Contact: Dr. Robin Silver, Center for Biological Diversity, (602) 799-3275

Lawsuit Seeks to Restore Protection for Desert Nesting Bald Eagle

PHOENIX— The Center for Biological Diversity and Maricopa Audubon Society filed a lawsuit today to reinstate Endangered Species Act protection for desert nesting bald eagles. The suit seeks to return protections removed last week by U.S. District Court Judge Mary H. Murguia.

“With only about 50 breeding pairs left, and facing increasing habitat threats this bird  desperately needs federal protection in order to survive,” said Dr. Robin Silver of the Center.
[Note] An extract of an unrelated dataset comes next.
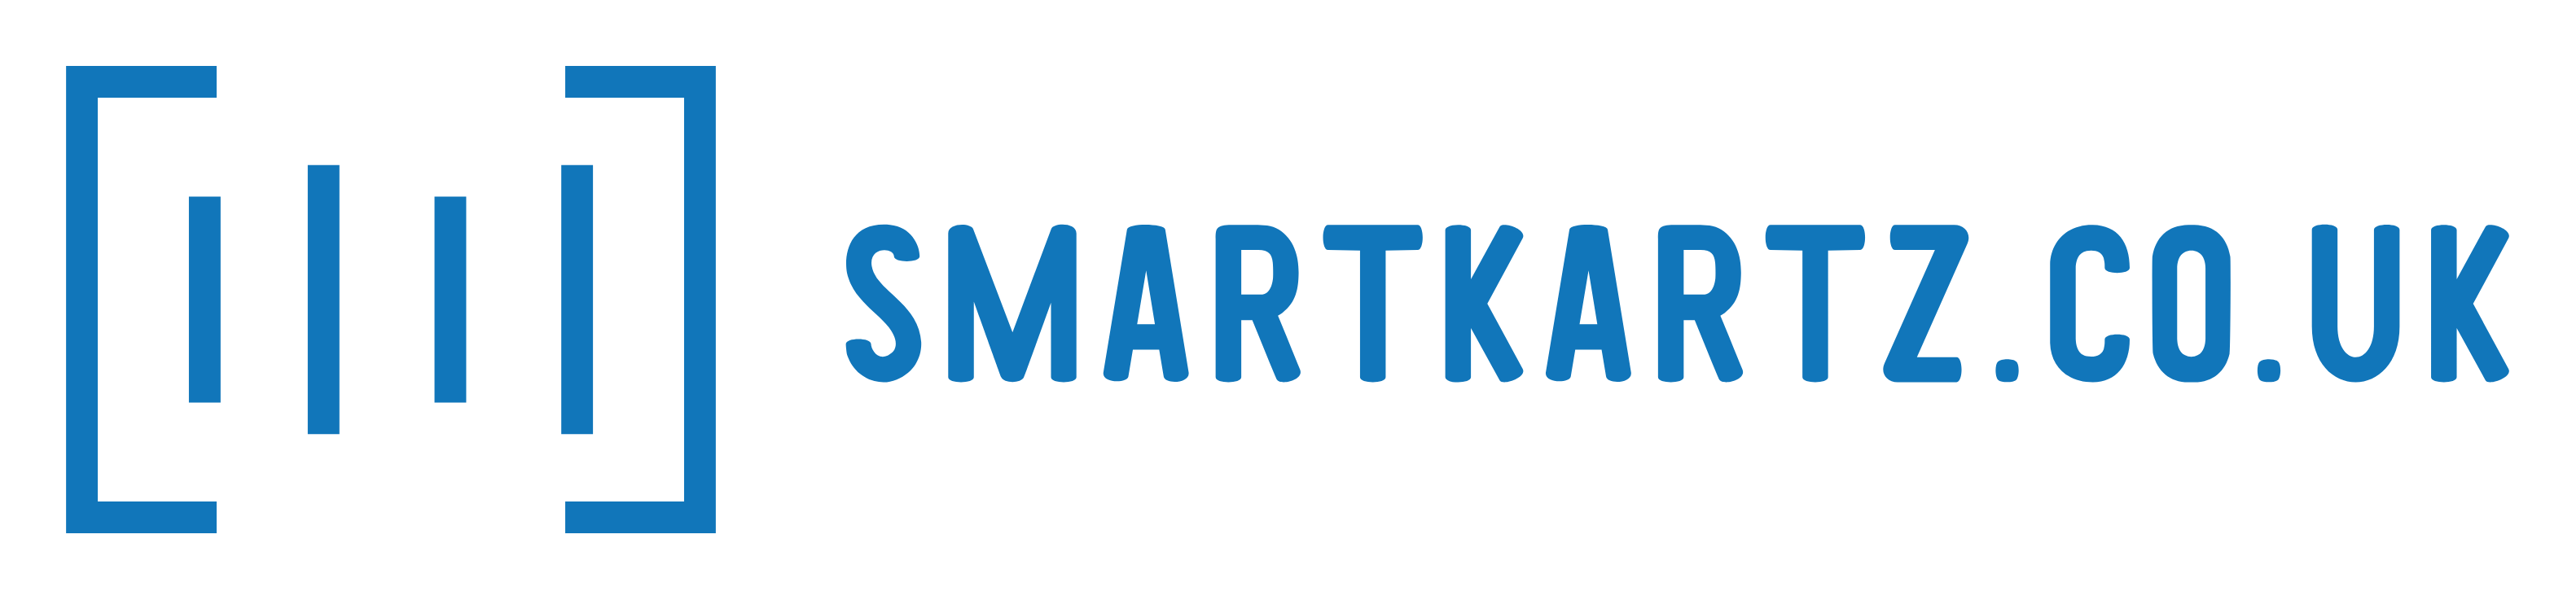 Smartkartz.co.uk

Murguia on Friday granted a request by the U.S. Fish and Wildlife Service to remove the desert nesting bald eagle from the endangered species list but did not examine the agency decision itself. Today's lawsuit challenges the basis of the agency's February 2010 decision to remove protections from the eagle.

For more than three decades, every recognized bald eagle expert has acknowledged the fact that the desert nesting bald eagle is unique and important to the bald eagle species as a whole. But on July 18, 2006, Fish and Wildlife Service career administrators gave their staff “marching orders” to abruptly reverse their opinion and “to find an analysis that works.” That decision was finalized July 9, 2007.

On March 5, 2008, Judge Murguia called the agency actions “arbitrary and capricious.” She ordered the agency to issue a new evaluation and issued an injunction against lifting protection for the eagle in the interim.

On Dec. 9, 2009, after agency bald eagle experts again reinforced their opinion that the desert nesting bald eagle is unique and important to the species as a whole, career administrators again ordered the eagle experts to reverse their position, saying, “My staff will work with you on development of the revised version of the finding.”

“Hopefully today’s suit will put science, not politics, front and center in determining the fate of this eagle,” Silver said.

The biggest threats to the eagle are increasing habitat destruction and human harassment. The Endangered Species Act is the only law protecting eagle habitat.

Without Endangered Species Act protection, eagle habitat-destroying grazing and ORV abuse can resume, and the mandatory requirement for agency funding of the NestWatch program will no longer be necessary. NestWatch provides onsite protection for the most threatened eagle nests and has rescued 9.4 percent of all young eagles fledged in Arizona between 1983 and 2005, including up to 50 percent of a given year's reproduction.